Techniques for Mastering Social Media in New-Home Sales

Four social marketing experts offer best practices for using Facebook, Twitter, Pinterest, and other social media tools to market your company
May 24, 2012
7 min read

As builders work to sell more homes, they often look for that magic bullet. Over the last few years, the popularity of social media has become highly visible and somewhat controversial. To put this all in perspective, I reached out to colleagues who have expertise and insight into the subject of social media as it relates to home building.

Our panel of experts includes: Meredith Oliver, president, Creating Wow Communications, Raleigh, N.C.; Mollie Elkman, vice president, Group Two Advertising, Philadelphia; Tim Kassouf, vice president, G.1440, Baltimore; and Kristi Allen, director of Internet marketing, McArthur Homes, Salt Lake City.

I asked each expert to explain the purpose of social media and provide suggested best practices and assessment/benchmarking. Here is what they have to say.

The Purpose of Social Media

Meredith Oliver: With 850 million active users on Facebook and two-thirds of consumers reporting that social media influenced a buying decision, home builders must utilize social media as one of many channels to connect and communicate with prospective home buyers, current homeowners, and valuable trade partners, like Realtors.

Mollie Elkman: Social media is the way many people communicate and share information today. It provides an opportunity for builders to have an active presence in the conversations that are taking place and to engage in real-time conversations with prospects and homeowners. The key is to have a strategy. Don’t just post content for the sake of posting content. Establish your goals up front and make sure every post is aligned with attaining those goals.

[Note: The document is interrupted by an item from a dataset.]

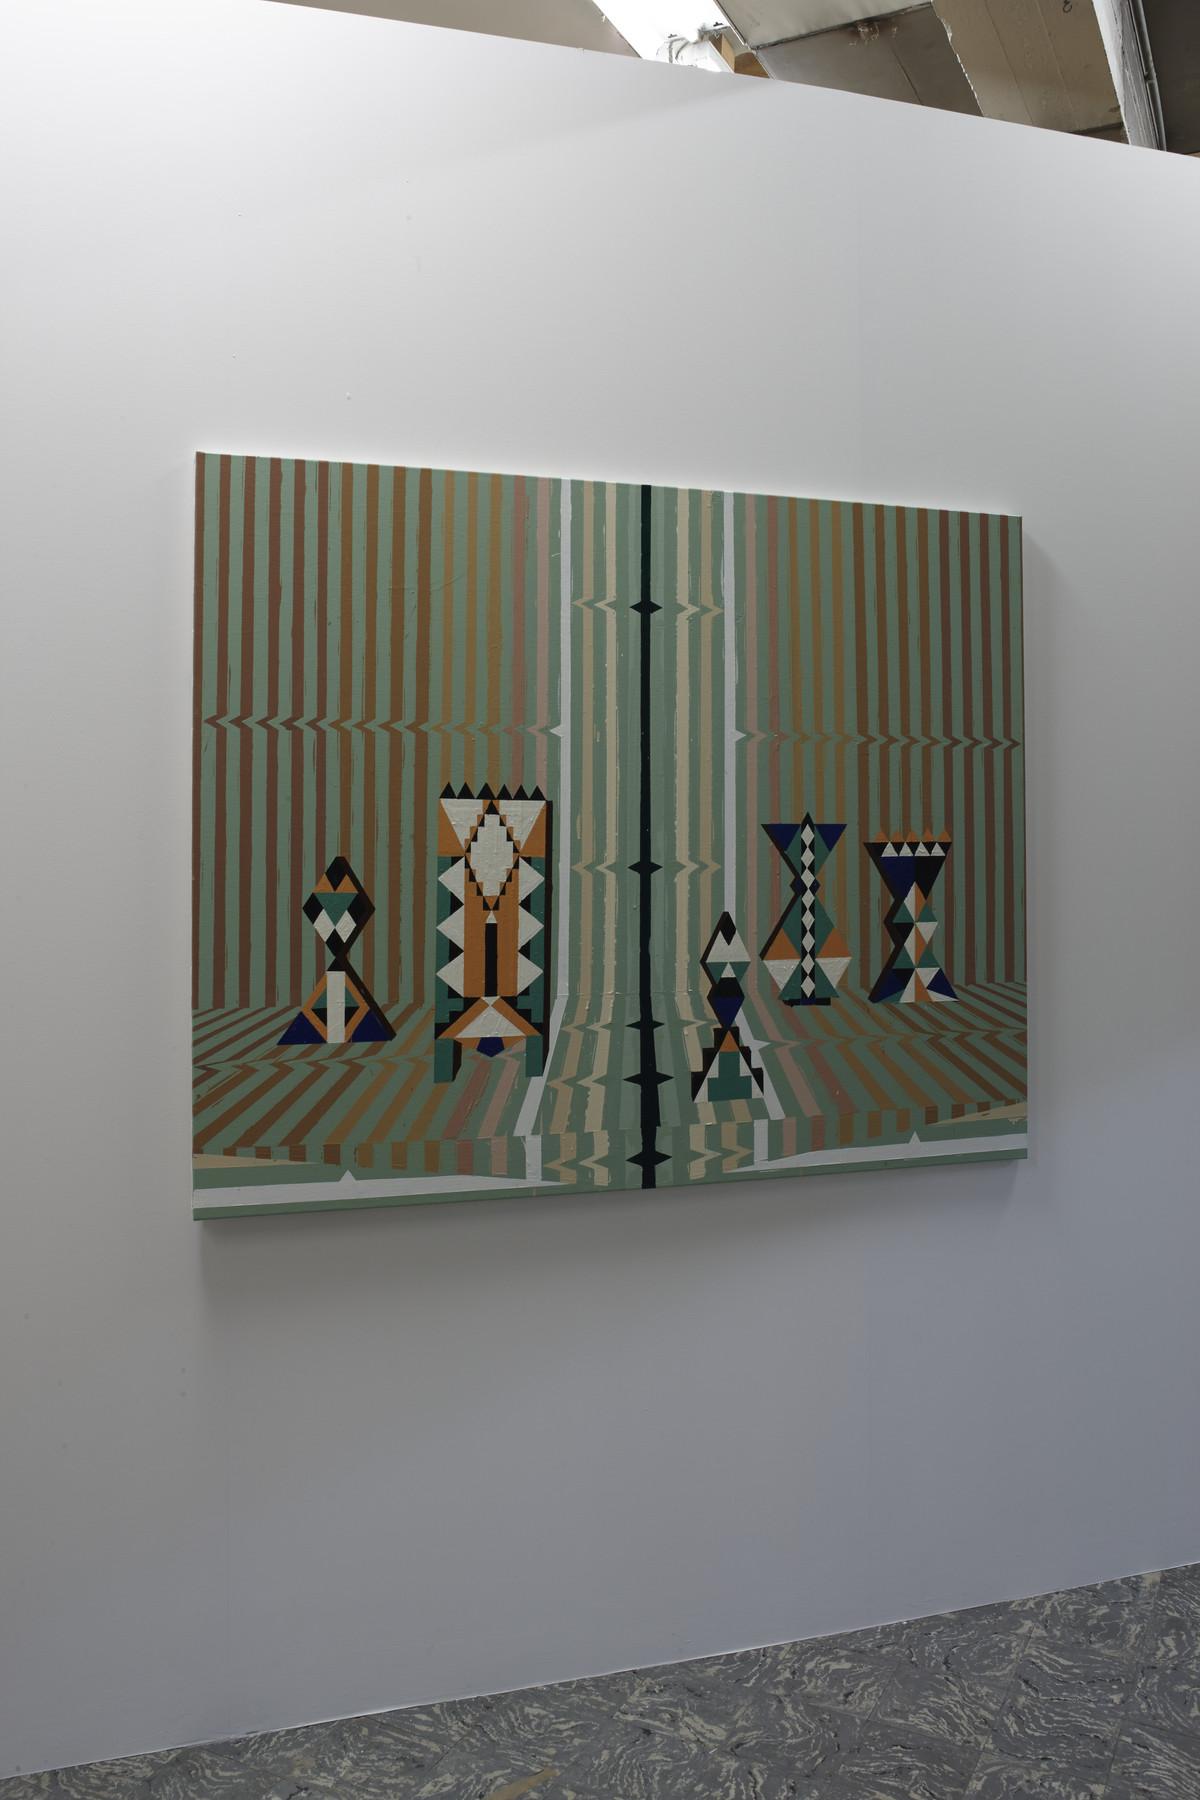 Farah Atassi, 'Hypnotic Setting', 2015, in 'Farah Atassi', installation view, Extra City Kunsthal, 2015 © Jan Kempenaers

Tim Kassouf: The purpose of social media/marketing for home builders must be to ultimately increase sales. This could be new sales, referral sales, or repeat business over the course of several years. Many will define other objectives, like exposing your brand, increasing referrals, or improving customer relationships, but the only reason these are valuable is if they can be tracked to measurable sales.

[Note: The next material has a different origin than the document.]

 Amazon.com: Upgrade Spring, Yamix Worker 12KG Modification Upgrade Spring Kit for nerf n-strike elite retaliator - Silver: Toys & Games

Kristi Allen: The first thing a builder should do before beginning any social media campaign is to establish their goals. I outline all goals for the project and what the ROI should be. There is no point in just jumping into a blog or creating a Facebook account if you don’t first know why you are doing it.

Social Media Best Practices

MO: Social media is best used in a balanced approach of offline and online marketing and advertising. It is one aspect of a multi-pronged approach. Social media works best when updates are timely and consistent. Posts should be conversational and light. Don’t oversell. Videos and photos always get the most comments and “likes.” Feature your fans and they will participate to a greater degree.

ME: There are many ways to implement specific practices to reach suggested goals, including:

  • E-blasts — promotion through those already associated with the company
  • Contests — seasonally or in conjunction with other promotions
  • Content — remain relevant through posts and keep conversations going
  • Linking to other pages through articles and “likes”
  • Posting links to your website at least twice weekly
  • Providing easy access to your website URL at all times.

These approaches will help grow your network, increase impressions, increase website traffic, generate traffic to your sales center, and proactively build relationships online before your prospects get to the sales center.

TK: A good strategy will be unique to each builder. Start by considering your market, plan opportunities to reach that market, test, measure results, and test again. Here are some things to keep in mind:

  • Consider the time spent in any social strategy.
  • Be sure to dedicate enough time to be effective, but be careful not to waste time that could be better spent in other areas of your business.
  • Consider your long-term and short-term goals when planning your strategy and use these to measure results.

KA: Each article we post on our blog (which is hosted on our website) contains carefully crafted keywords. When these articles are shared on Facebook, they bring traffic to our website and increase our SEO (search engine optimization) efforts.

As an example of having a specific goal in place for a social media campaign, we recently did a promotion asking our homeowners to submit a short essay telling us why they loved their new McArthur Home. The top 10 winners received a complimentary family photo shoot from a well-known photographer in the area, and I created a short video testimonial of each of the finalists. The photos, videos, and essays were posted on our blog, and we ran a competition to see who could get the most people to vote for them on Facebook. In order to vote, people had to first “like” our page.

Content is key. What people are sharing about our company is much more important than what we are sharing. If we are putting out quality content and beautiful photos of our homes, others are going to do much of the work for us.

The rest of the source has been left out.